The scene on stage is in the countryside near Laramie, Wyoming, a field where Matthew was left to die. Scenic designer Skip Epperson created a minimal set that allows endless variation with lighting. A meandering split rail fence becomes Matthew’s place of crucifixion. At one point, the fence rises up and closes into a circle, suggesting the crown of thorns worn by Jesus. The only other object, except for a few boxes and bales of hay, is a blob of a cloud on the back wall. Later in the play the blob lowers and becomes the distant hills, enhanced by ever changing lighting choices. It is visually stunning and believable. Three songs use words from the fence where Matthew was tied and tortured, “I held him all night long, I cradled him like a mother.”

In the “Stars” piece, Matthew’s father makes a statement to the court after the tragedy. The lighting effects, evoking a night sky throughout the theater, were beautiful. The instrumental ensemble of strings, clarinet, guitar and piano enhanced the vocal lines. Some lovely piano solos, played by Leah Zumberge, connected the scenes.
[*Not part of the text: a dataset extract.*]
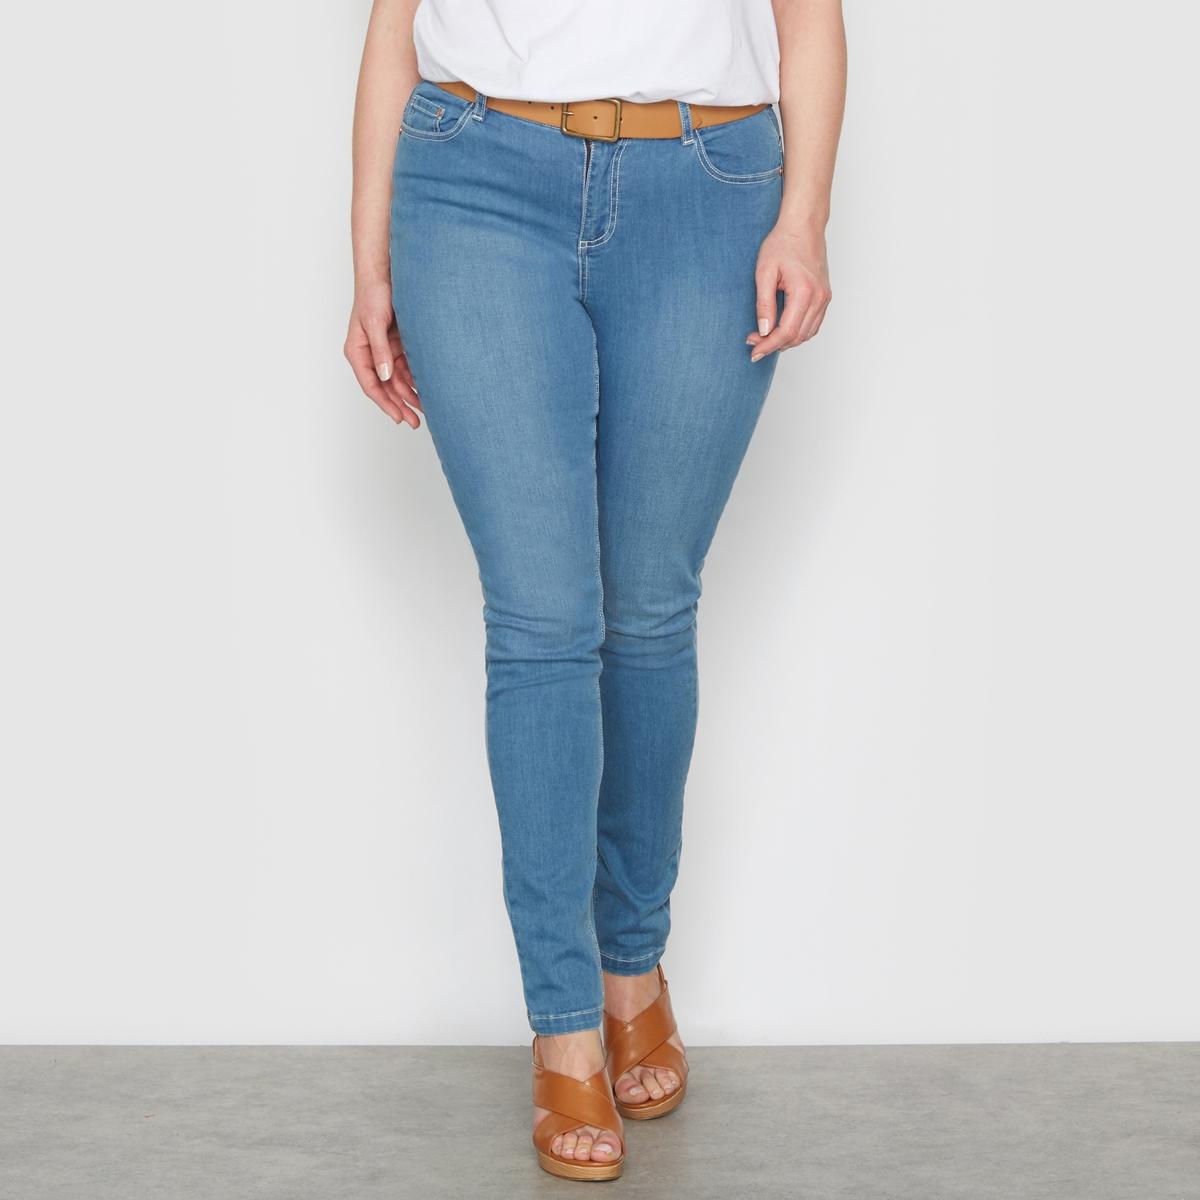 Джинсы облегающего покроя стретч,  длина по внутр.шву ок. 78 смПодчеркивается талия, бедра, ягодицы зрительно округляются: джинсы облегающего покроя отлично сидят и чрезвычайно удобны! Расклешенный низ. 5 карманов.Рост от 1 м 65 см: длина по внутр.шву ок. 78 см, ширина по низу 15,5 см.<br><br>Цвет: голубой потертый,синий потертый,темно-синий,черный<br>Размер: 56 (FR) - 62 (RUS).52 (FR) - 58 (RUS).48 (FR) - 54 (RUS).50 (FR) - 56 (RUS).58 (FR) - 64 (RUS).42 (FR) - 48 (RUS).48 (FR) - 54 (RUS).46 (FR) - 52 (RUS).58 (FR) - 64 (RUS).54 (FR) - 60 (RUS).44 (FR) - 50 (RUS).56 (FR) - 62 (RUS).54 (FR) - 60 (RUS).46 (FR) - 52 (RUS).42 (FR) - 48 (RUS).44 (FR) - 50 (RUS).52 (FR) - 58 (RUS).48 (FR) - 54 (RUS).58 (FR) - 64 (RUS).42 (FR) - 48 (RUS).42 (FR) - 48 (RUS).44 (FR) - 50 (RUS).56 (FR) - 62 (RUS).52 (FR) - 58 (RUS).54 (FR) - 60 (RUS).52 (FR) - 58 (RUS).48 (FR) - 54 (RUS).58 (FR) - 64 (RUS).50 (FR) - 56 (RUS).54 (FR) - 60 (RUS).46 (FR) - 52 (RUS)

Following the story of this 100-minute work is a challenge, and benefits greatly from reading the libretto in advance. It is easily available online through a search. The supertitles provided were minimally useful and varied in quality of projection. Much of the time they were not readable from my seat.

The music progresses gently throughout the two acts. In melody and harmony it is very attractive music, seldom approaching avant-garde techniques, with just enough piquant dissonances to give a fresh sound. It is mostly gentle, soothing music that belies the underlying drama of the story. As I was unable to read enough of the supertitles in the first half, too much of the narrative impact passed me by.

On a dramatic level, Considering Matthew Shepard is a powerful work with a strong emotional punch. As music director Cheryl Anderson says, “It is a timely story and one that encourages us to reawaken our love for the appreciation of one another beyond the boundaries of race, ethnicity, religion, politics, sexual orientation, gender definition, economic background or age. It invites us to take a stand for love, forgiveness, understanding, and justice.”

There is much to enjoy in this production. Cheryl Anderson and Joseph Ribeiro have created a musical stage work of great beauty with wonderful singing.